Bruce Manson (born March 20, 1956) is an American former professional tennis player. He achieved a career-high doubles ranking of world No. 17 in 1981. His career high singles ranking was World No. 39, but he did, when ranked 112, defeat world number 1 Björn Borg in 1979 at the Tennis Games Tournament at Mission Hills Country Club.

==Biography==
Manson is Jewish, and was born in Los Angeles, California, and lived in North Hollywood. He attended Grant High School. He was the first player to win three consecutive L.A. City Tennis Singles Championships (1973–75). He won the boys 16 and under in the Ojai Tennis Tournament in 1972. He was the Southern California Junior Singles Champion in both 1973 and 1974, and was a member of the U.S. Junior Davis Cup Team.
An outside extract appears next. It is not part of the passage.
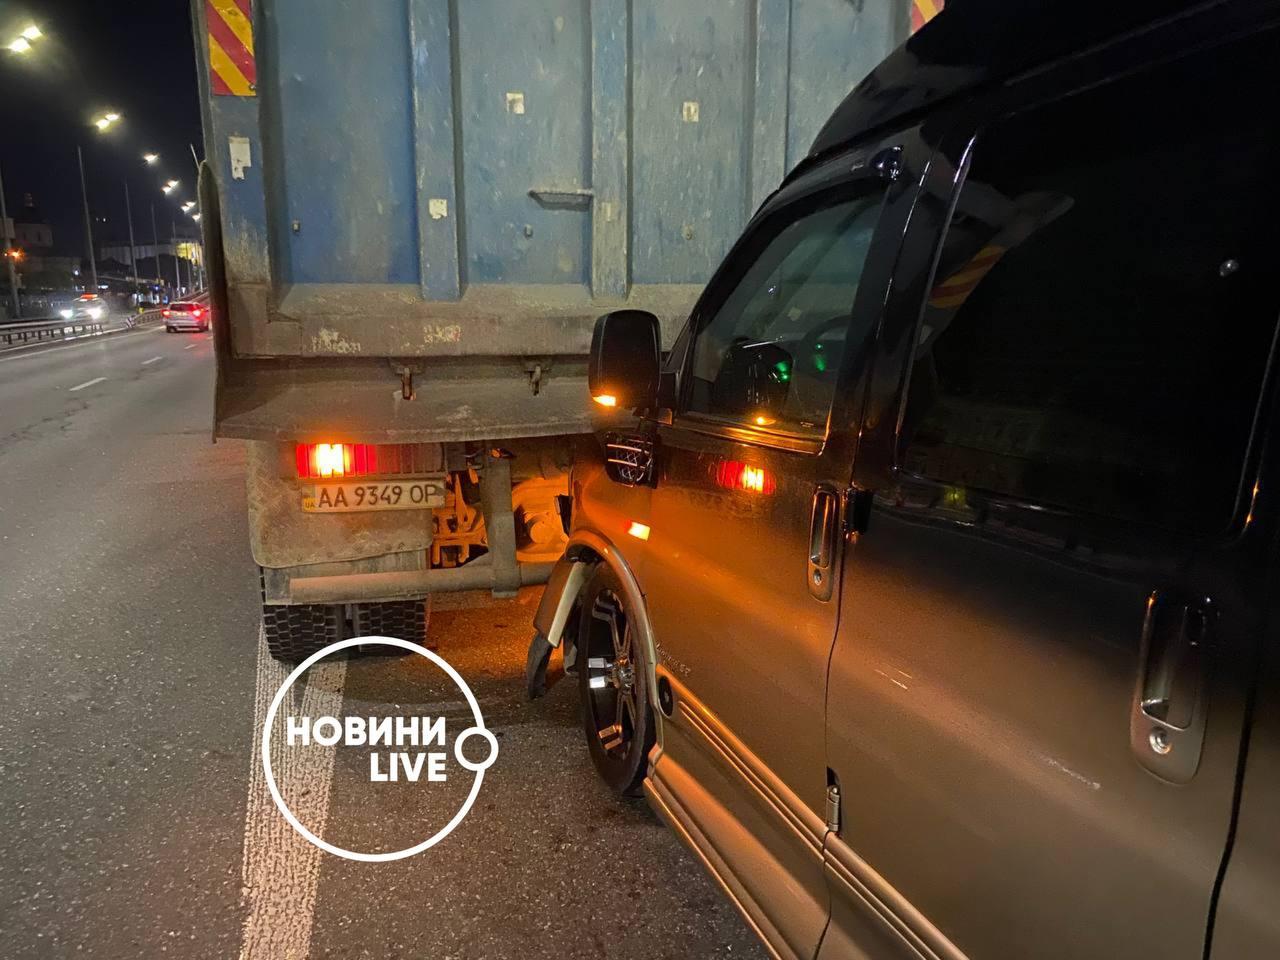 Соломия Витвицкая попала в ДТП в Киеве: авто влетело под самосвал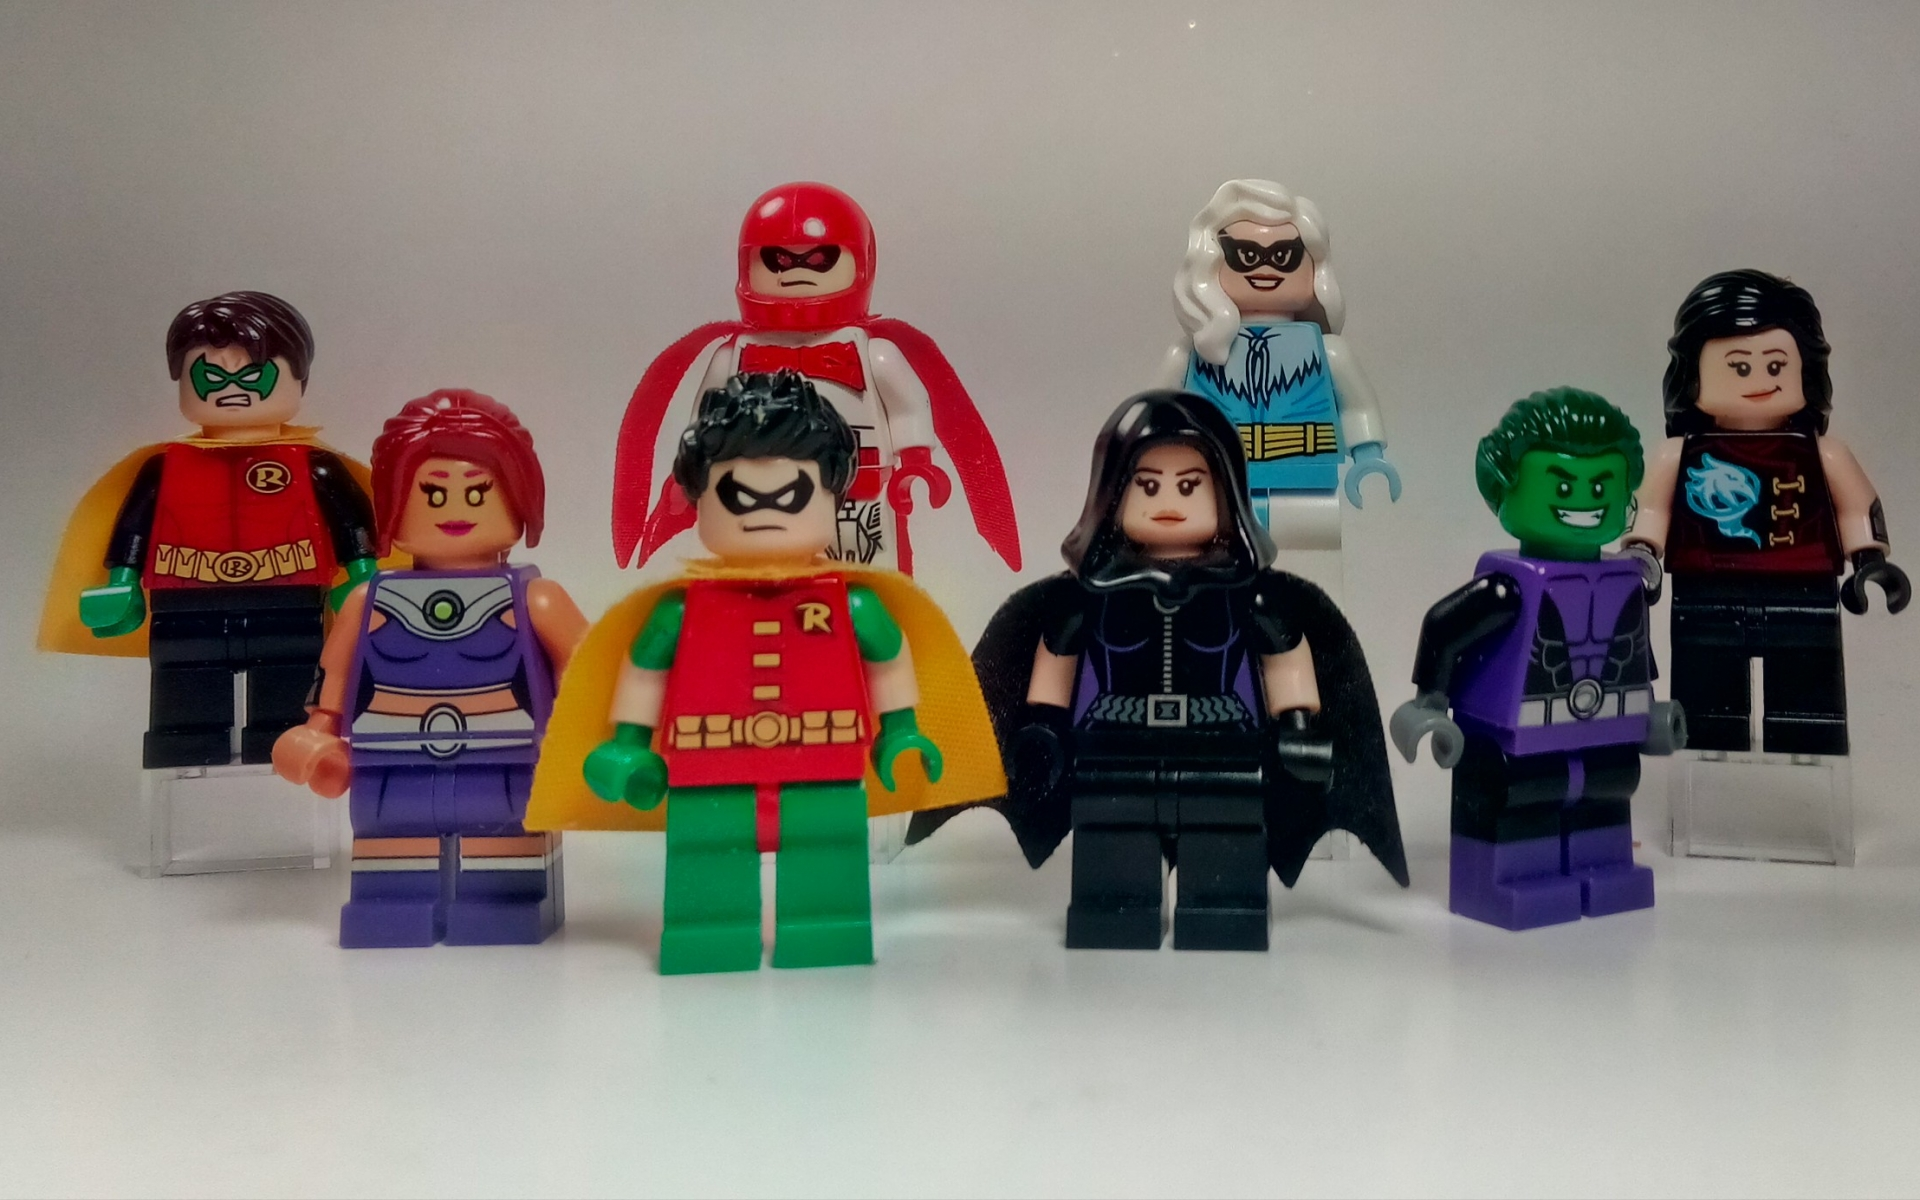 Muñecos de lego de super héroes - 1920x1200

At the University of Southern California on a tennis scholarship, Manson was a three-time All-American (1975–77). He was an NCAA Singles semi-finalist in both 1976 and 1977, and doubles champion in 1975 and 1977. While at USC, Manson won a gold medal in doubles at the 1975 Pan American Games. In 1977, he won the 21-and-under U.S. Singles title.

Manson enjoyed most of his tennis success while playing doubles. During his career he won 9 doubles titles and finished runner-up an additional 8 times. He achieved a career-high doubles ranking of World No. 17 in 1981. His career high singles ranking was World No. 39. He was a member of the 1980 U.S. Davis Cup Team, and made the U.S. Open quarter-finals in 1981 by defeating Danny Saltz, Richard Meyer, Peter McNamara and José Luis Clerc, before being defeated by Vitas Gerulaitis.

In 1993 he was inducted into the Southern California Jewish Sports Hall of Fame.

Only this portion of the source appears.